Он рассматривал ее исподлобья.
– Да, я слышал, будто ты уверовала. И я тобой горжусь. Тебе-то самой это все по душе?
– Да, конечно, – поспешила ответить Манч.
Он саркастически выгнул бровь – ну вылитый Кларк Гейбл! Неужели он уловил в ее тоне нотки неуверенности?
– Выглядишь отлично. Я как раз собирался сказать.
Она фыркнула.
– Уволь. Хочешь сделать мне приятное? Тогда исчезни из моей жизни. – Она лягнула шину пикапа. – И это забери с собой.
– Брось ты, Манч! У нас с тобой столько в прошлом!
– Вот тут ты прав: в прошлом. Давай забудем и то, что было и чего не было… Все к лучшему. Нам обоим ни к чему было таскать за собой ребенка.
Она посмотрела на него, словно ища подтверждения своим словам, но ничего на его лице не прочла.
– Но мы все-таки друзья? – спросил он.
– Мы никогда не были друзьями, Слизняк, просто вместе ловили кайф. – И она выразительно глянула на его спутника.
– Вот как ты заговорила! А мы все, значит, только дерьмо, прилипшее к твоим подметкам?
В его тоне звучала обида, будто она предала некую идею. Но никакой идеи не было, гневно напомнила она себе, была лишь горстка накачавшихся идиотов, пытающихся как-то оправдать свое существование.

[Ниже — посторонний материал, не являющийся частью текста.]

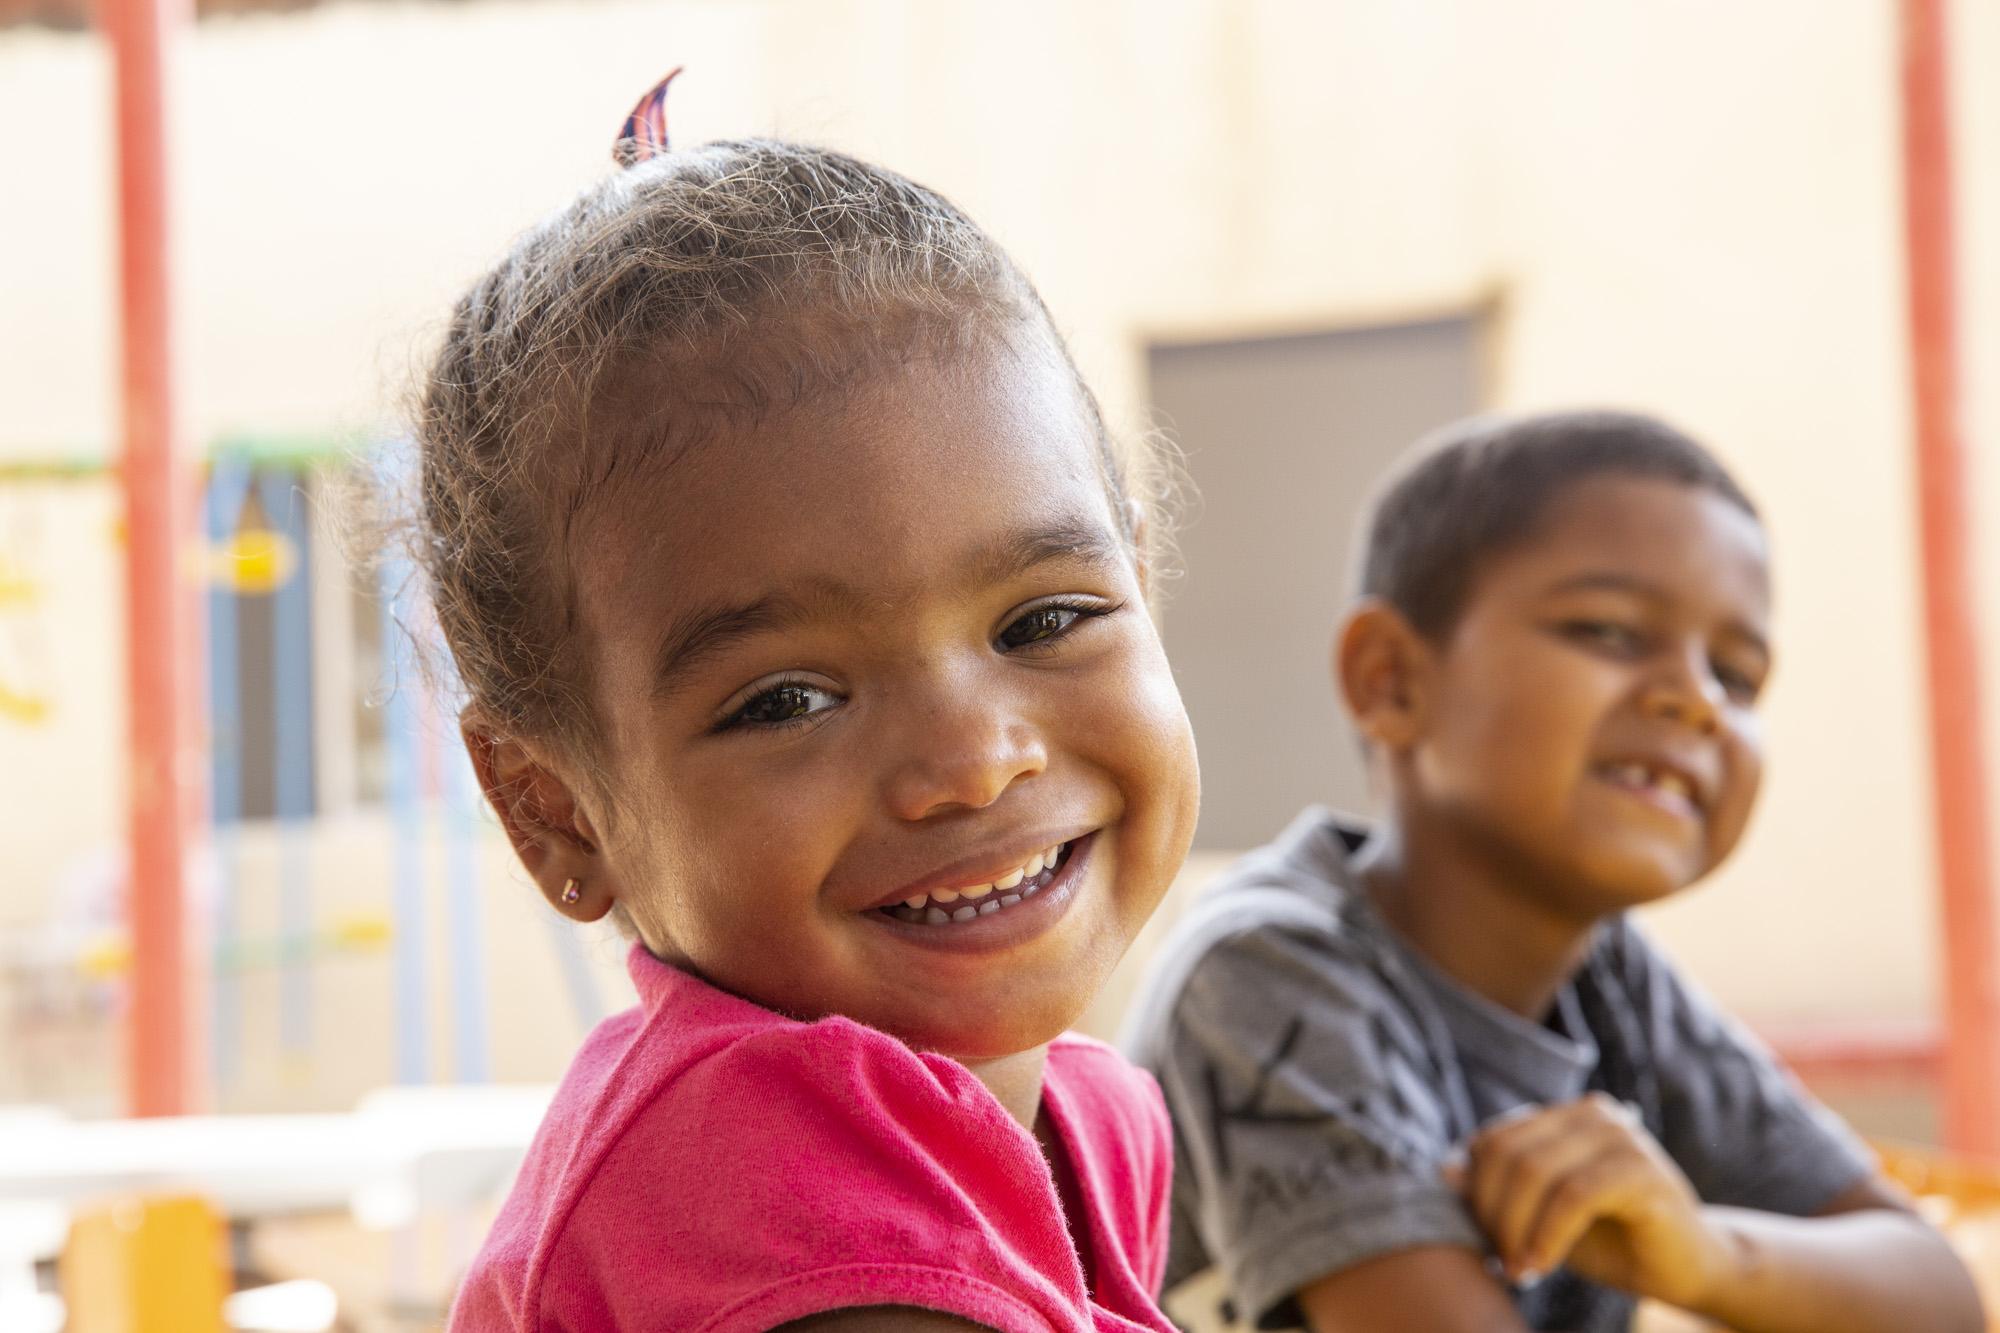 Causa da Educação, representada por Fernanda Gentil,é a grande vencedora da promoçãoGanhou, Causouda Nestlé 2

– Да нет же, Слизняк, – возразила она. – Пойми, пожалуйста: у меня в жизни наконец появилось что-то хорошее. И я не хочу все испортить.
– Я не собираюсь ничего тебе портить.
– Мне нужно беречься, Джон. Я нездорова… это ведь болезнь.
– О чем ты? Какая еще болезнь?
– Алкоголизм и наркомания в стадии ремиссии. Мне нельзя общаться с теми, кто пьет и ширяется.
Как объяснить ему, если она и сама не все понимает! Она просто пользовалась защитными приемами, которым ее научили, – повторяла положения программы реабилитации. Наверное, было бы проще, если б он на нее разозлился.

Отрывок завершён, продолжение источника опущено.